On Friday 02 January 2004 09:54 am, Sam Rosenfeld wrote:
> Over several months I have tried to fix (or improve) sound, mail, X
> windows, and much more.  Now, each time I boot up it's an adventure.
> For the most part I have tried to decipher whatever relevant docs I
> could lay my hands on, but my fiddling has clearly made things worse.
> I hardly know what's what in my single-user box, which contains Debian
> 3.0, Linux 2.2.20, mutt, galeon, python2.1, tcl/tk8.3 and a host of
> mathematical, analytical, and context-specific applications which may
> not be problematic.

Zero specifics about what's wrong or what problems you're having, so zero 
advice possible on how to fix it.

> The question is:  Given my current state, is it reasonable to try to
> fix each of my problems separately, or would it be more sensible to
> keep only the critical data and start over with a new installation?
> (At this point I think I'm ready to create a box-within-a-box where all
> changes could be tested before they become part of my working system.)
> My request is vague because I can't even specify where all the problems
> lie, and I'm not sure where I've strayed (as root, no less!) in my
> attempt to get things going as well as I could make them.

You'll have to make an attempt to explain the symptoms, or the question is 
impossible to answer.

> Would deeply appreciate any words of wisdom.

Cost/Benefit analysis works here: 

Reloading is virtually guaranteed to work if you're careful about backing up 
all of your important data.  Benefit: Will work.  Risk: Could lose data.  You 
won't learn anything.

Fixing it carries with it the benefit of learning in more detail how things 
work and learning where your mistakes were.  If you have the time, this is 
the path I would personally take, but... many people won't or can't do this.

In other words, just like before your post... it's totally up to you.  What do 
you want to do?  The list is here and most of us will try to help on specific 
problems if we've seen them before.

As far as "after it's fixed"... learn this from your experience.  Never do 
anything you don't know how to back out of.  Get in the habit of not running 
as root, force yourself to use sudo for things, and ask yourself three times 
before you edit something as root if you can get back to where you are.  Make 
ONE change at a time and let it be for a few days.  You'll be a cautious, 
professional admin quickly if you start respecting the problems you can cause 
yourself as root.  (Of course, the Catch-22 is that you have to have messed 
it all up at least once to understand this.)  

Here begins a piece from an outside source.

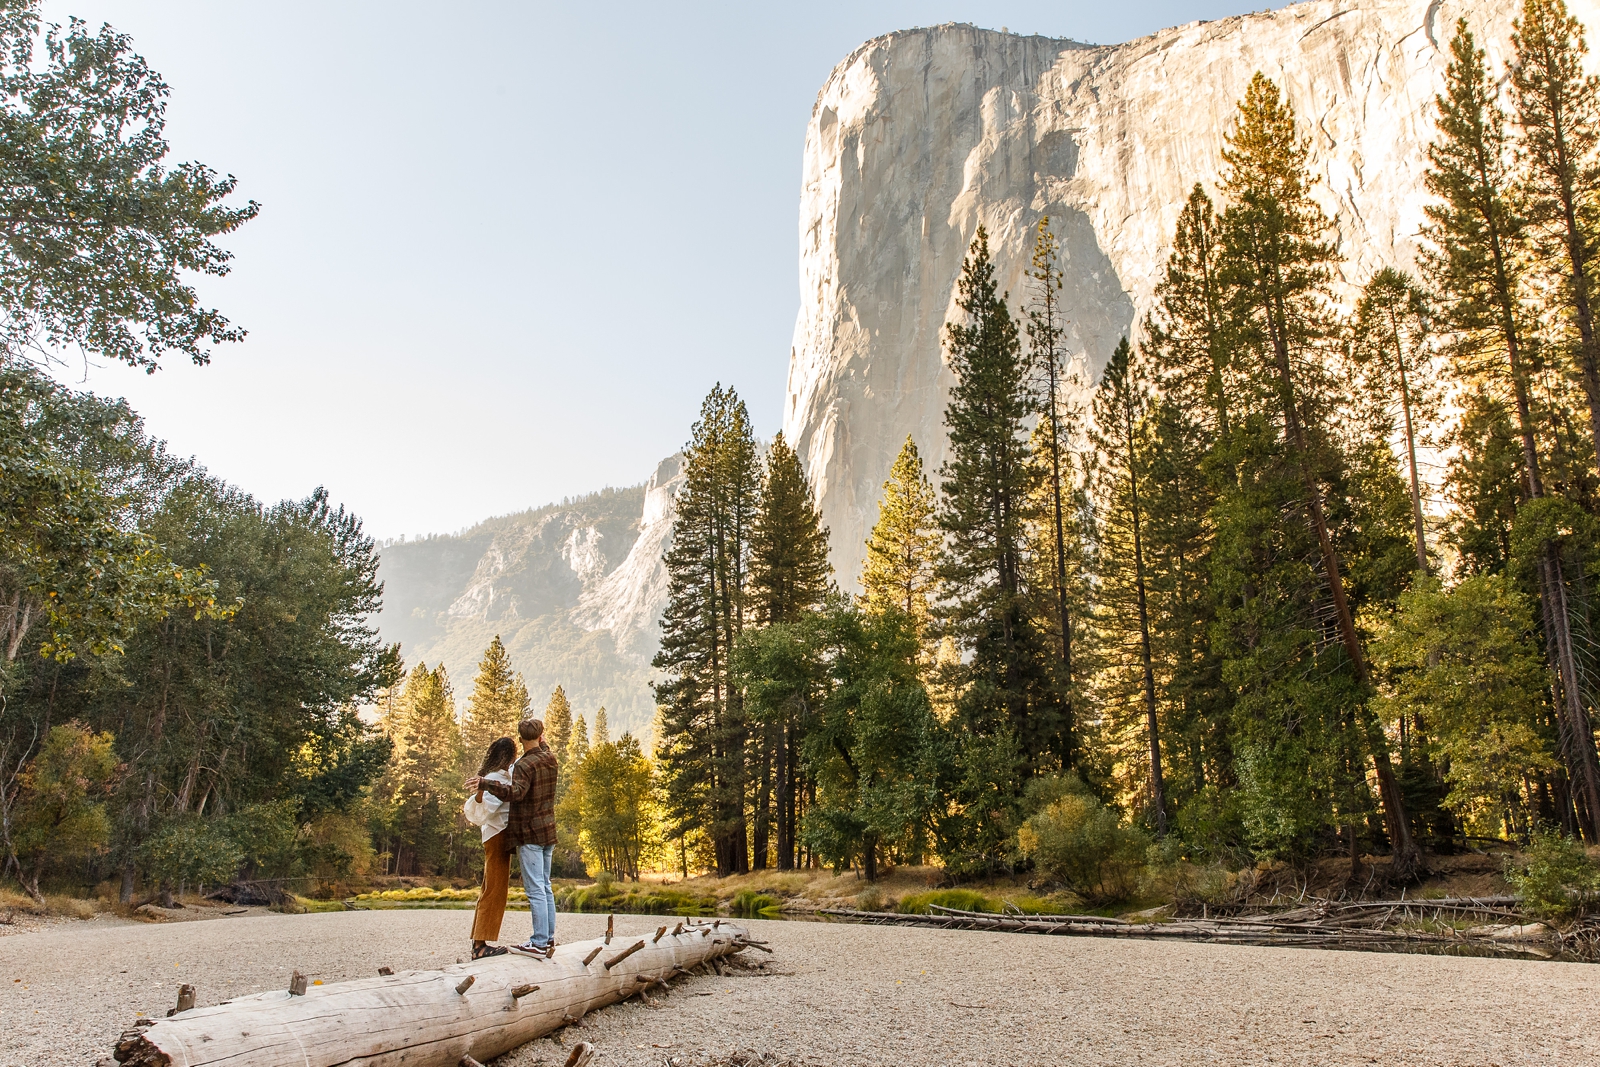 This couple explored Cathedral Beach in Yosemite

Finally, learn to make backups of your system.  They are you "last defense" 
against YOURSELF and your users 99.9% of the time.  Hardware/disk failure is 
the SECOND reason for backups... the majority of the time backups are used in 
the real-world admin environment to put back something someone deleted.  
Human error is far more deadly to production boxes than hardware failure ever 
will be. 

Manage your risks.  That's the best advice I can give.